I would like to show that the momentgenerating function of
(x1+x2+x3...xn)/n--->e^(ut+sigma^2t/2) as n-->infinity.
x1, x2, x3,xn =independent variables with mean u and variance sigma^2
e^(ut+sigma^2t/2)=momentgenerating function of a normal distribution
1.calculating the moment generating function
This I get to be
[M(t/n)]^n where M(t) is the momentgenerating function of the variable x1 or x2 or xn. [M(t/n)]^n is the momentgenerating function of (x1+x2+x3..xn)/n
2.
Finding the limit as n->infinity.
I take the natural logarithm and get n*ln[M(t/n)]=ln[M(t/n)]/(1/n)
as n->infinity we get 0/0 since M(0)=1 and ln(1)=0
I then use l'Hopital to get:
M'(t/n)*t/M(t/n)
when n goes to infinity this goes to ut since M'(0)=u, but it should be ut+sigma^2/2
Does anyone see why I do not get the last part, what have I forgotten?
I would like to show that the momentgenerating function of
(x1+x2+x3...xn)/n--->e^(ut+sigma^2t/2) as n-->infinity.

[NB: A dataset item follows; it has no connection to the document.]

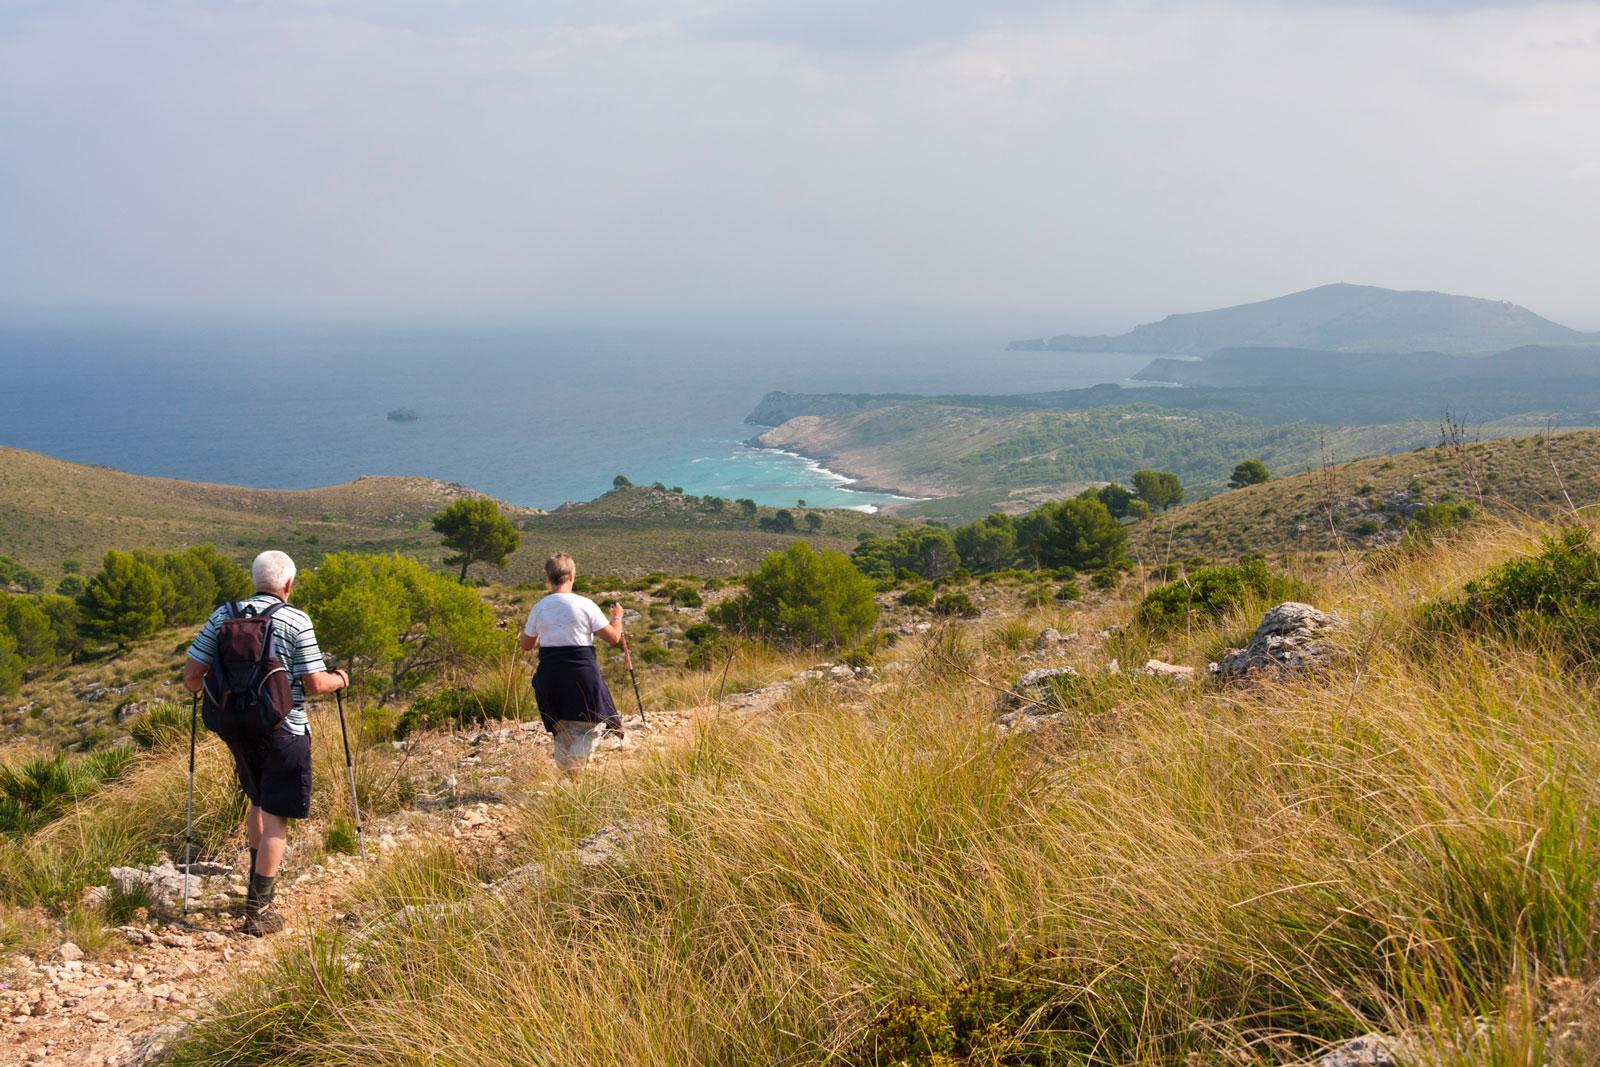 Lebensabend im Süden: Senioren auf Mallorca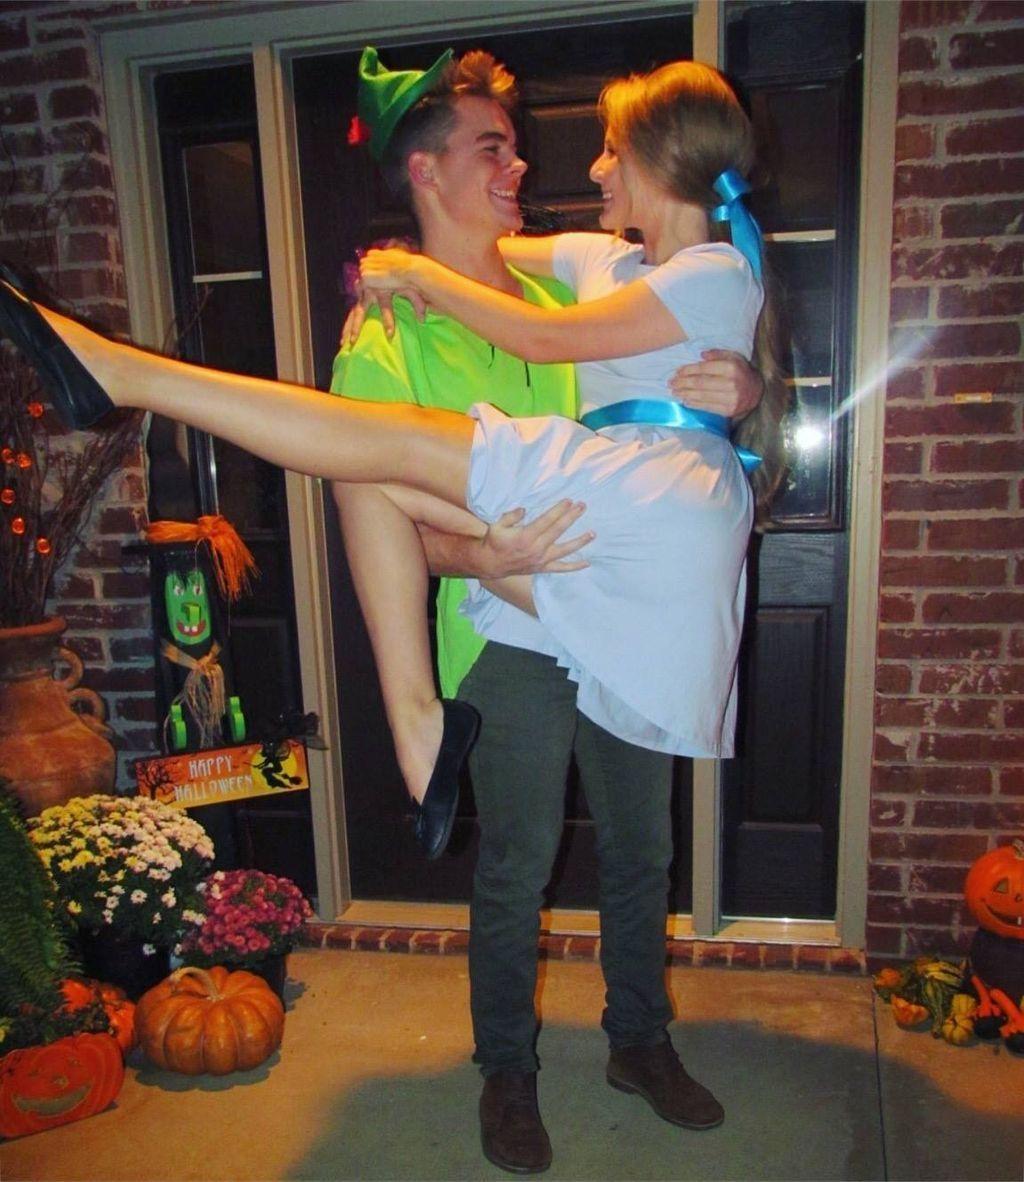 More at //aksahinjewelry.com/2017/10/02/44-unique-creative-halloween- couples-costumes-ideas/  sc 1 st  Pinterest & Cool 44 Unique and Creative Halloween Couples Costumes Ideas. More ...

x1, x2, x3,xn =independent variables with mean u and variance sigma^2
e^(ut+sigma^2t/2)=momentgenerating function of a normal distribution
1.calculating the moment generating function
This I get to be
[M(t/n)]^n where M(t) is the momentgenerating function of the variable x1 or x2 or xn. [M(t/n)]^n is the momentgenerating function of (x1+x2+x3..xn)/n
2.
Finding the limit as n->infinity.
I take the natural logarithm and get n*ln[M(t/n)]=ln[M(t/n)]/(1/n)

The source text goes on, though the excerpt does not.